Could you reproduce, word for word, everything below from the line containing "粤建节函[2018]1233" down to the line containing "Servicio de imagenología RedSalud", with both of those lines included and no others?

Available data>
=======

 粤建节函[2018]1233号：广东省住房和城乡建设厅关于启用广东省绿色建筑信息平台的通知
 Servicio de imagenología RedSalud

=======

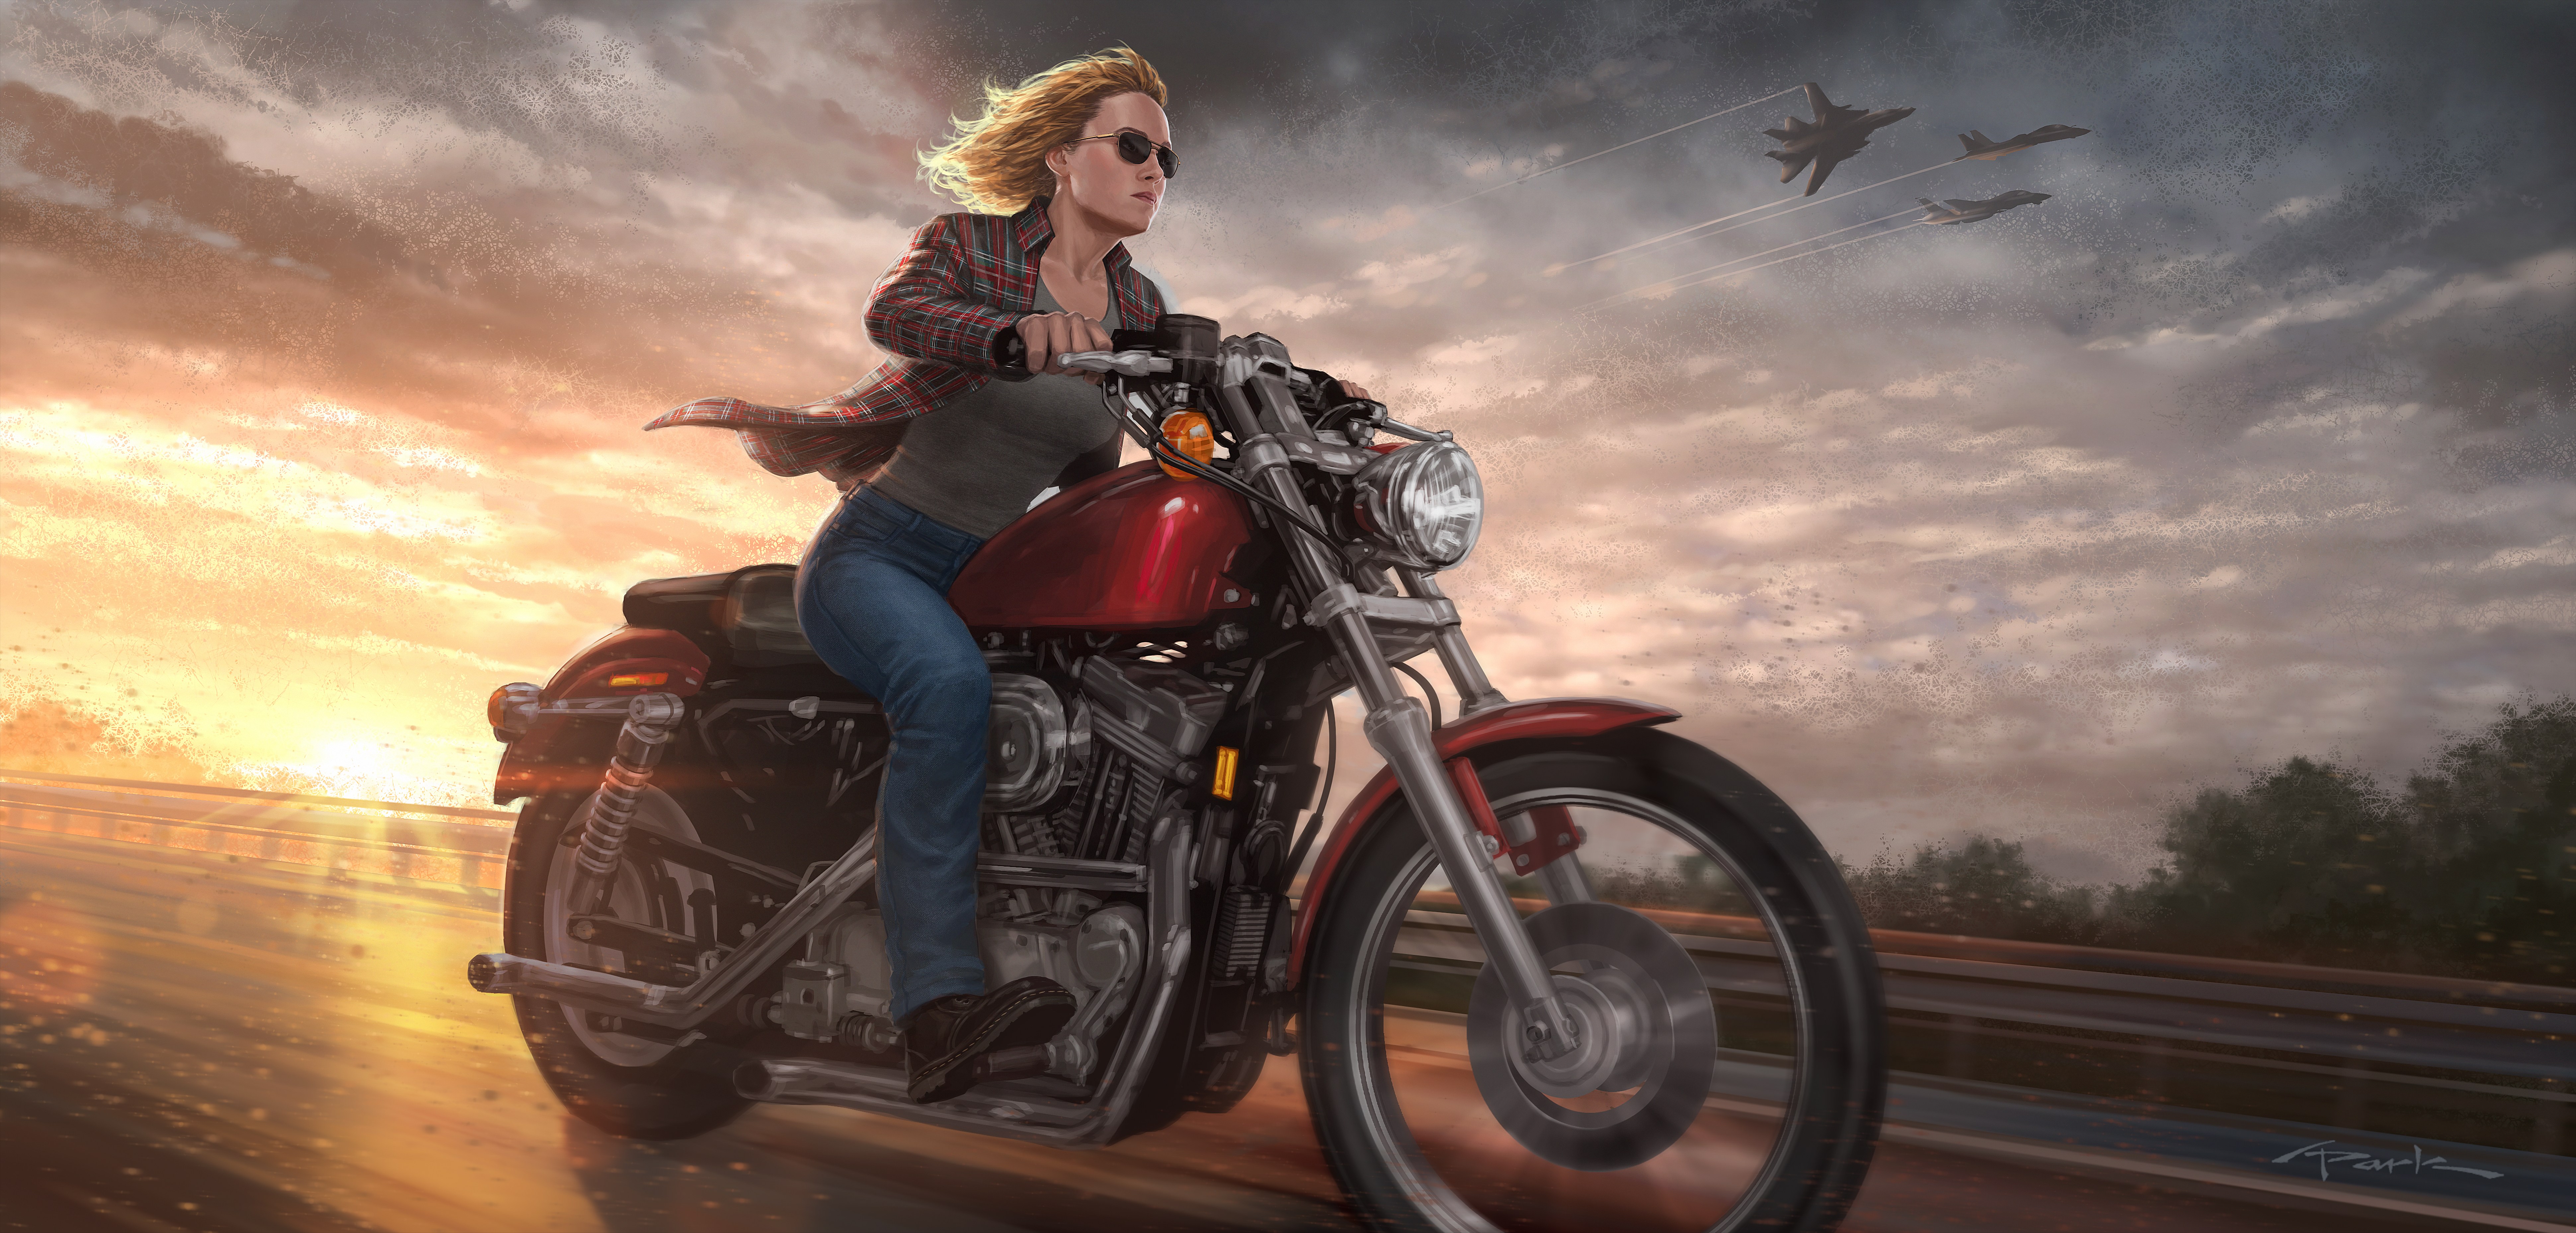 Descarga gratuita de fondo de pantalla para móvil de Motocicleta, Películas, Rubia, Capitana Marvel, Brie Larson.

=======

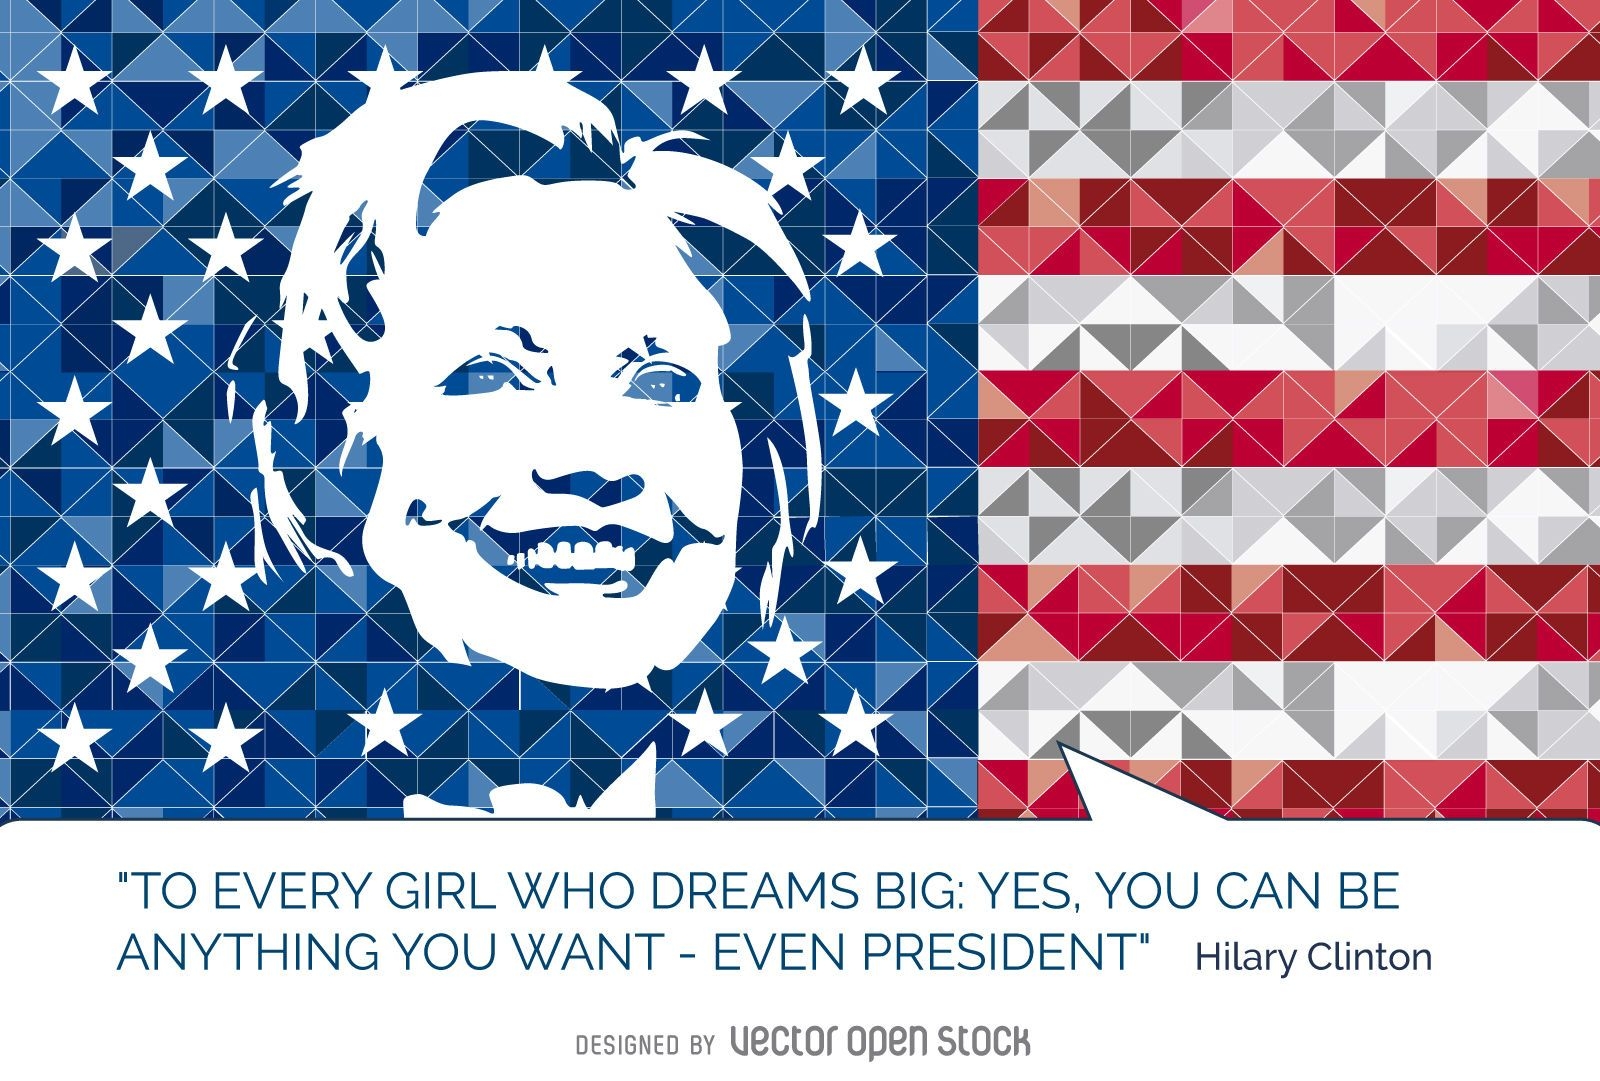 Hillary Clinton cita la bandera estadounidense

=======

Task output>
 粤建节函[2018]1233号：广东省住房和城乡建设厅关于启用广东省绿色建筑信息平台的通知
 Servicio de imagenología RedSalud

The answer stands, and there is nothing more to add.